FIG. 5 is a waveform diagram showing a main part of FIG. 4 in an enlarged manner in a time direction.

FIG. 6 is a waveform diagram showing a forward current and a reverse current at the time of step-out in the conventional device.

[Explanation of symbols]

1: DC brushless motor, 3: Inverter circuit, 4:
Rectifier circuit, 5 switching circuit, 10 position detection circuit, 20 current detection circuit, 21 forward current detection circuit,
22: reverse current detection circuit, 23: abnormality detection circuit, 30
... Control unit.

Claims (1)

(57) [Claims] 1. A DC brushless motor comprising a stator having a plurality of phase windings and a rotor having a permanent magnet, a switching circuit having a plurality of switching elements, and means for applying a DC voltage to the switching circuit.
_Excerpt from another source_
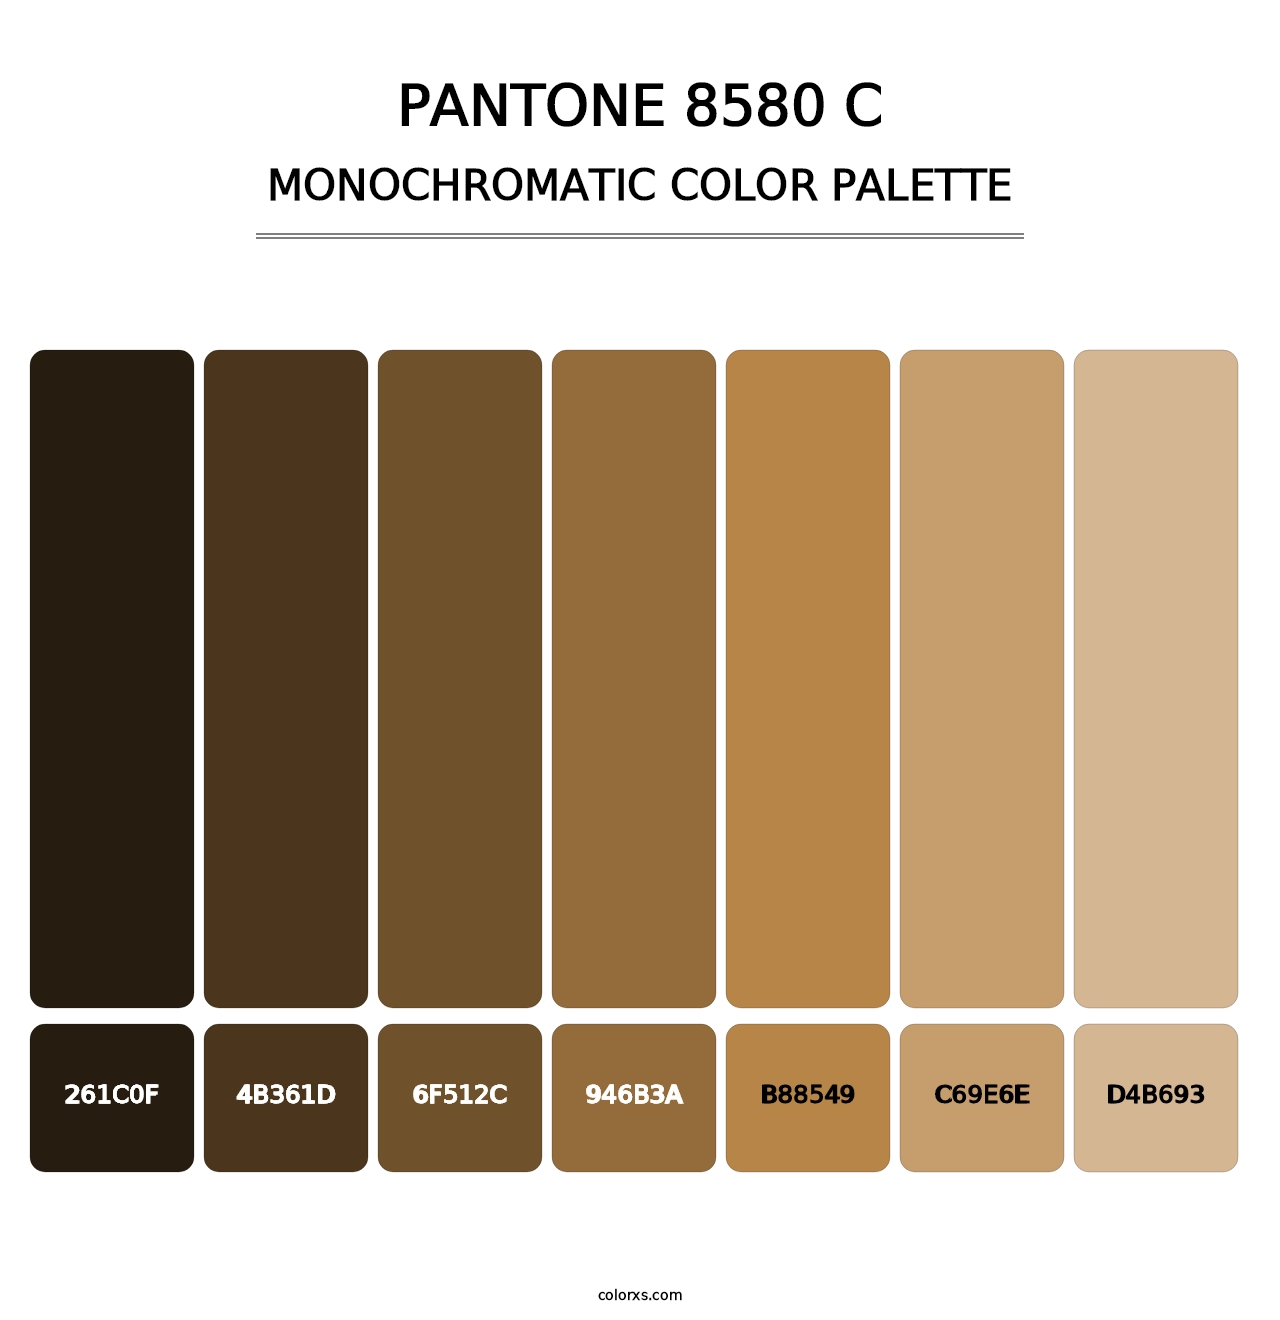 PANTONE 8580 C - Monochromatic Color Palette

A drive control device for a DC brushless motor that drives the motor by sequentially turning on and off each of the switching elements while detecting the position of the rotor to sequentially switch energization to each phase winding; A drive control device for a DC brushless motor, comprising: detection means for detecting a current flowing in a direction opposite to a normal direction, and control means for stopping operation when the detected current exceeds a set value.